И хорошо бы вот так, на взаимных улыбках, попрощаться, крепко пожав руку славному немцу, но вышло совсем иначе, и Мартин не сразу убрал с лица неуместную уже улыбку, потому что доктор стал серьезен:
- Ремиссия не есть выздоровление, поймите. Болезнь прячется; затаивается. Возможно, я доживу до тех времен, когда ее научатся излечивать… А сейчас главное лекарство для вашей жены - вы и ваша любовь. Ребенок ее убьет.
Он помолчал, потом встал:
- Очень трудно говорить… такое.
Словно ему, Мартину, принести "такое" молодой жене было легче.
Или… ничего не говорить? Сказать только о хорошем, о снимках этих, а слово "ремиссия" - будто автомобиль замедляет ход и останавливается, - слово "ремиссия" произносить вовсе не нужно. Именно так.
Элга стояла перед зеркалом и, придерживая левой рукой шляпу, правой осторожно заправляла под нее уложенные волосы. Повернулась радостно и нетерпеливо, и длинные рыжеватые пряди выскользнули на плечи.
- Отчего ты так долго?.. Как тебе нравится мое новое платье?
Жена всегда задавала несколько вопросов сразу. Мартин знал эту привычку давно и свыкся с нею, хотя всякий раз не мог удержаться от улыбки, как не удержался и сейчас.
- Чудесное платье; мы отправимся пировать прямо сейчас. Не прячь волосы, оставь вот так…

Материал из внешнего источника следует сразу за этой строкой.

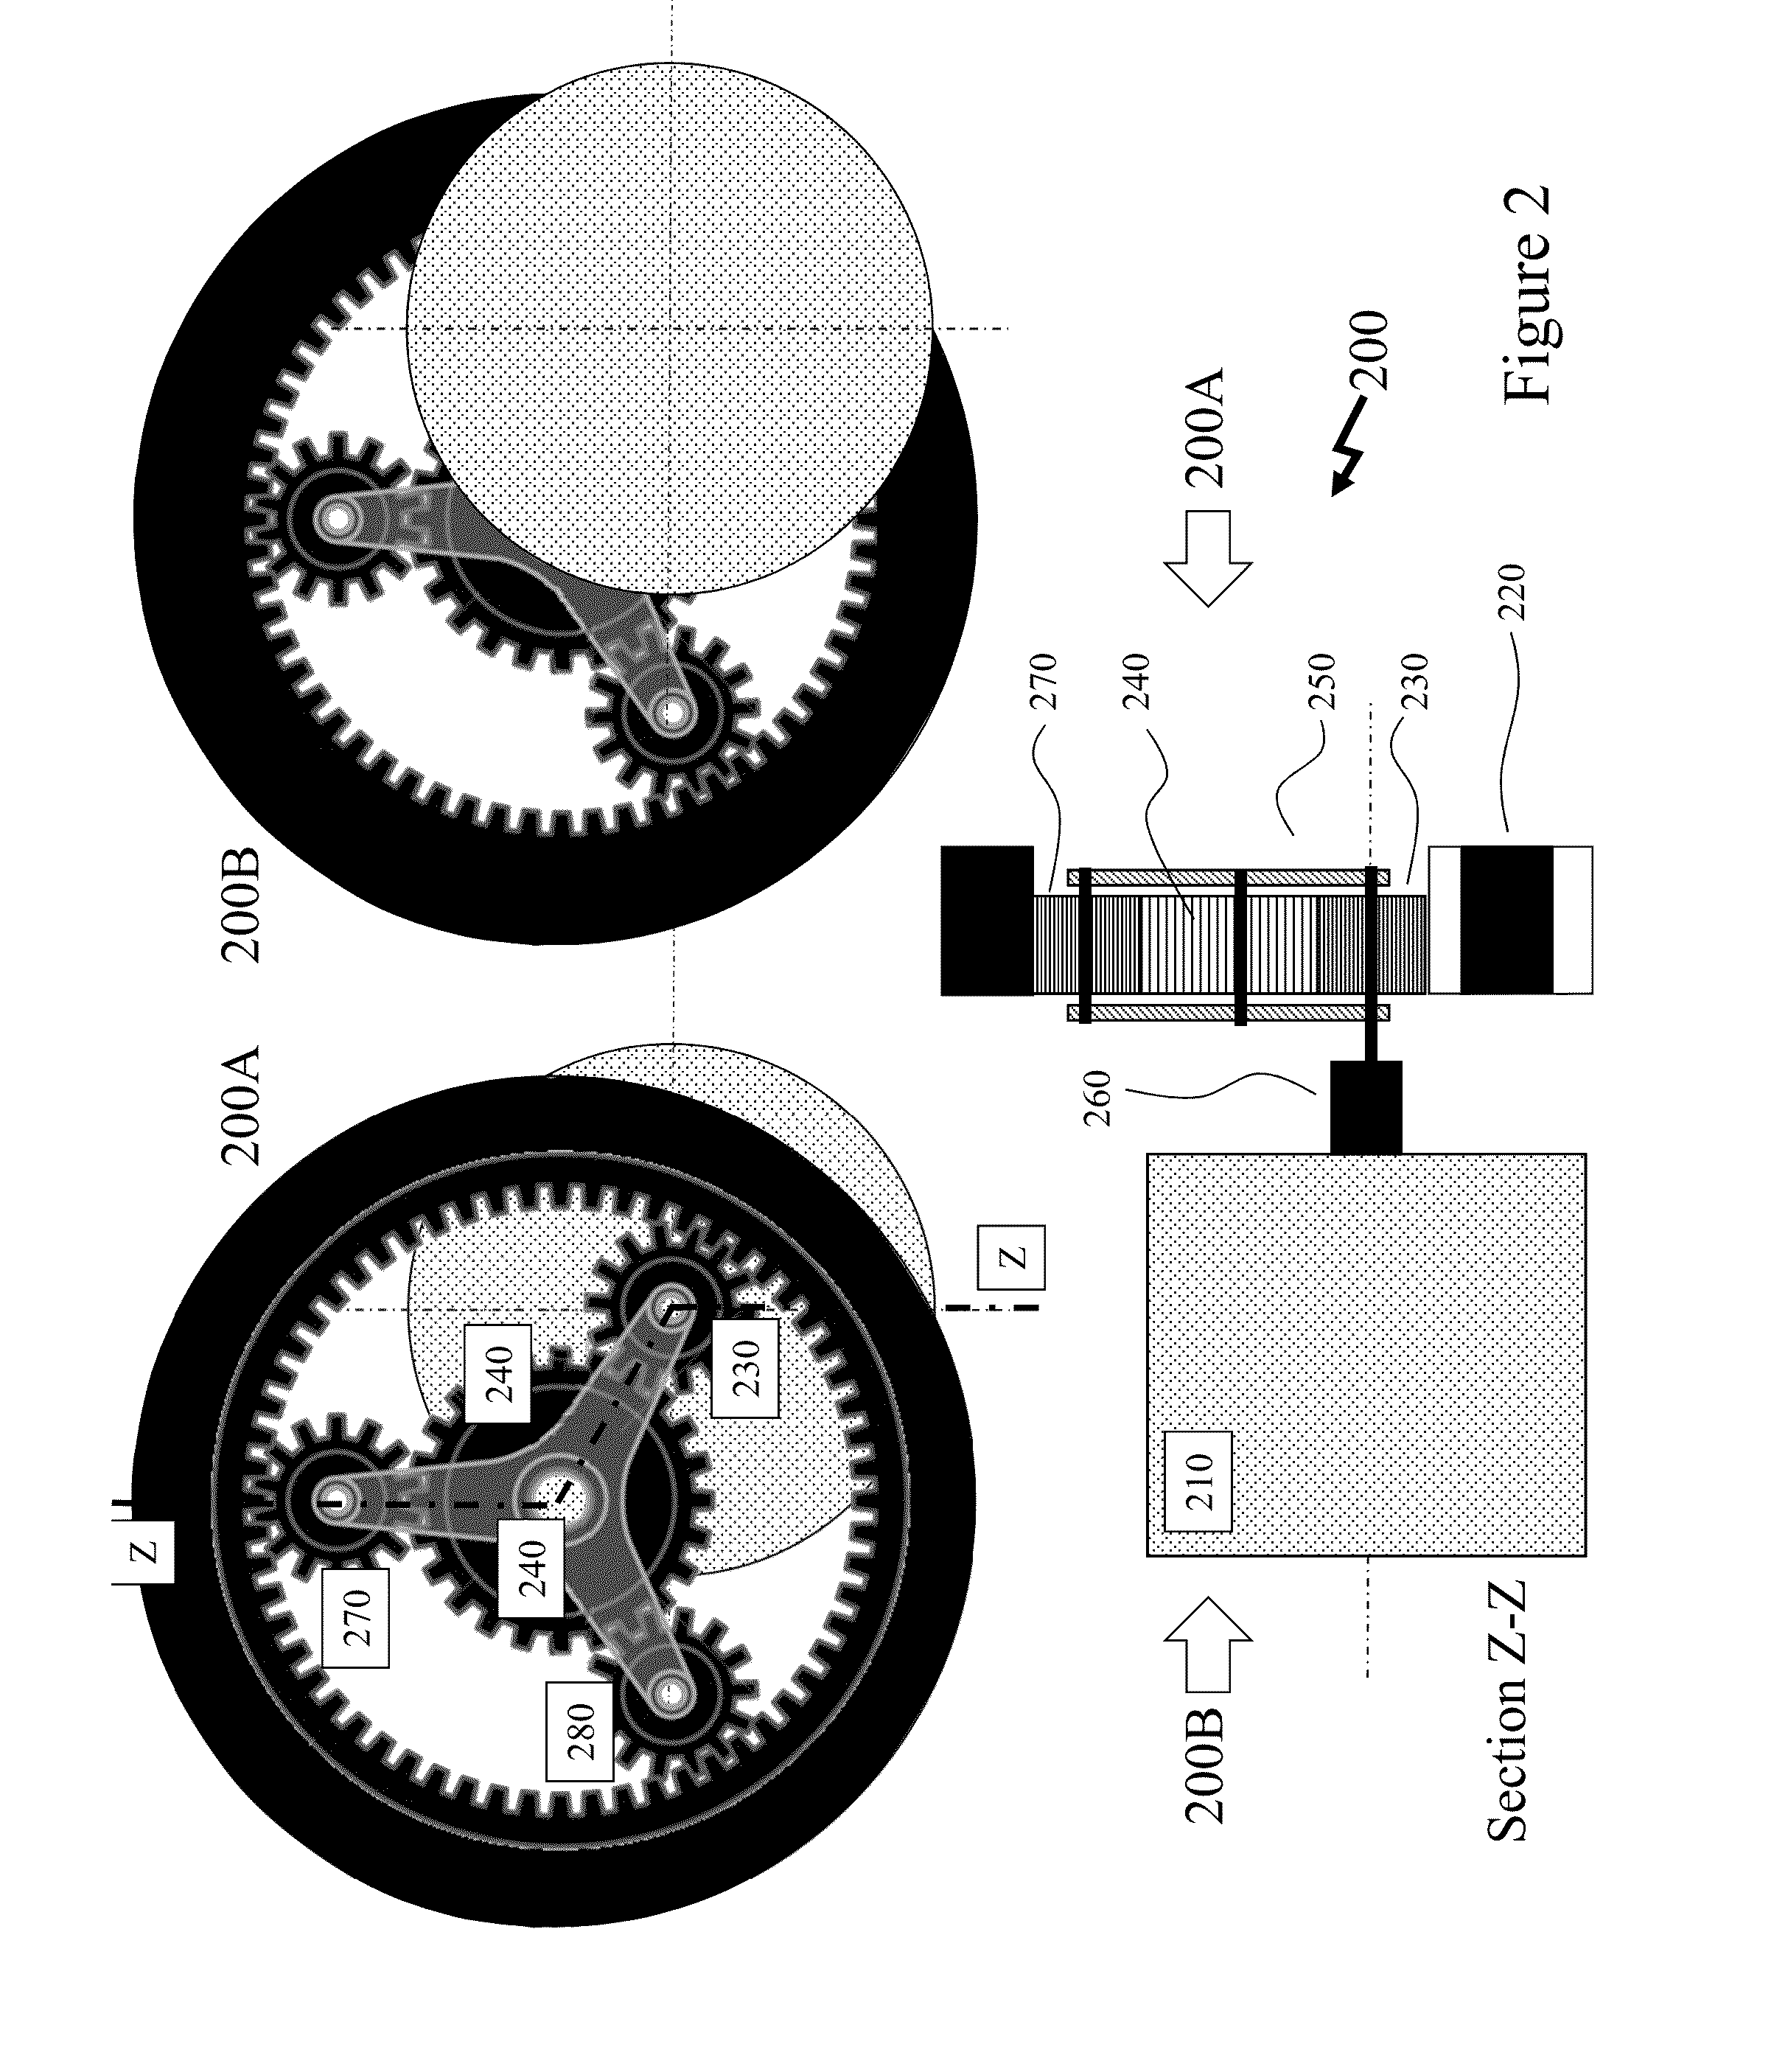 Methods and devices relating to vibratory impact adult devices

Он сделал рукой неопределенный жест, отчего Элга рассмеялась и начала подкалывать одну тяжелую рыжеватую прядь за другой. Щелкнула пряжкой широкого пояса, опять надела шляпку, чуть сдвинув набок, - и шляпка сразу стала единственной в мире, не похожей на все остальные шляпки.

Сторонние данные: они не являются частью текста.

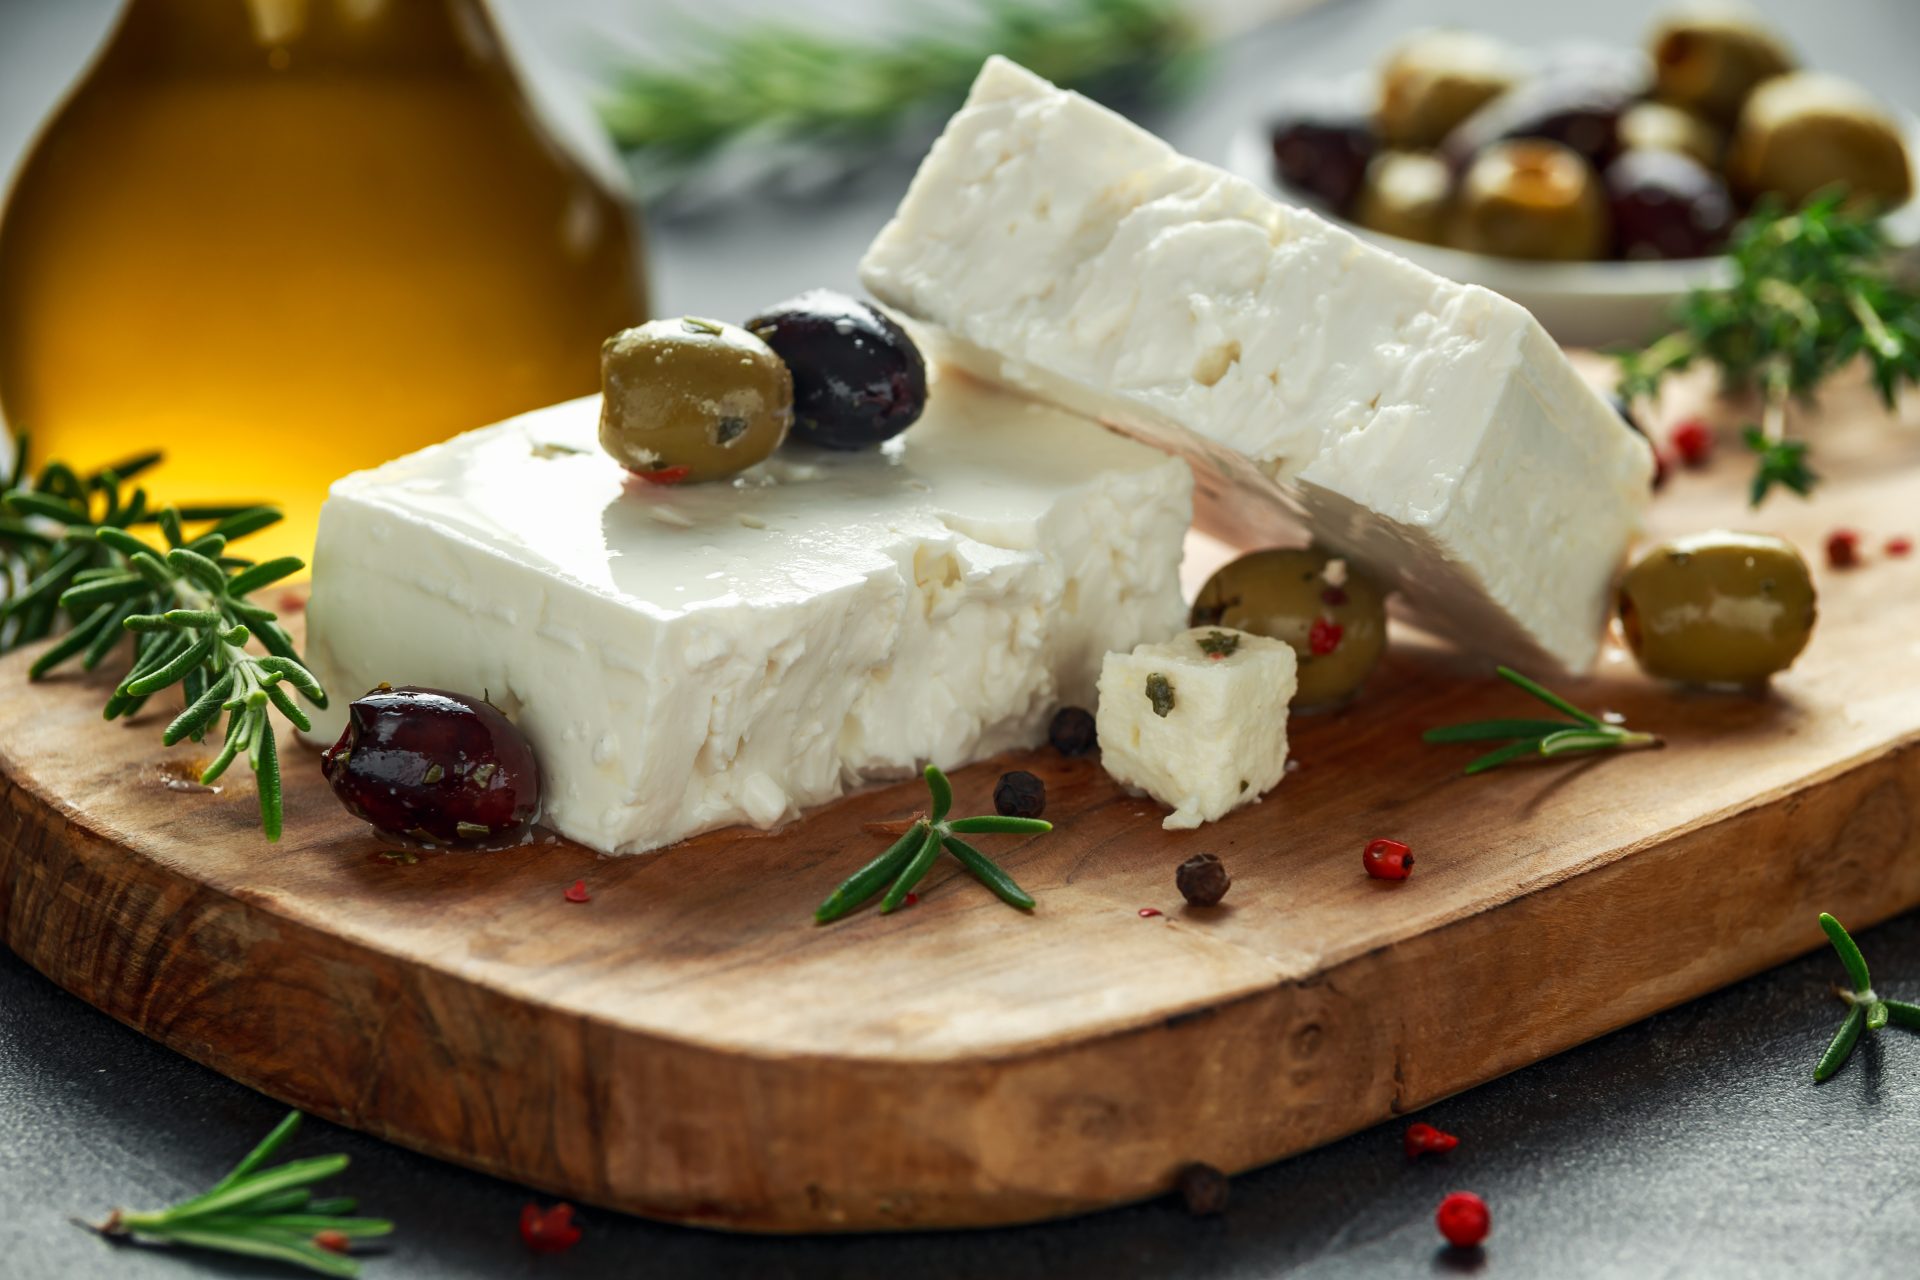 Shepherd's cheese and feta: Are all cheeses sheep's cheese?

- Тебе нравится? А куда мы поедем?
Плотный темный шелк цвета графита напомнил о рентгеновских пластинах. Ремиссия, черт побери. Как трудно об этом не думать. Пока он заводил мотор, Элга разгладила узкие полы платья, чтобы не помять, и привычно положила руку ему на колено. Длинная перчатка доходила до локтя; загорелое предплечье казалось совсем тонким в широком раструбе рукава.
После ресторана гуляли по берегу озера. Остановились около ограды небольшой кирхи, где год назад, седьмого апреля сорок пятого, они венчались.
Из родных присутствовали двое - мать и брат невесты, однако молодые были уверены: не за горами время, когда можно будет увидеться и с господином Шульцем, к которому Мартин заранее проникся симпатией, и с господином Баумейстером-старшим, несмотря на то, что от него не пришло ни одной весточки, даже после того как Город, их общий с Элгой город, был освобожден.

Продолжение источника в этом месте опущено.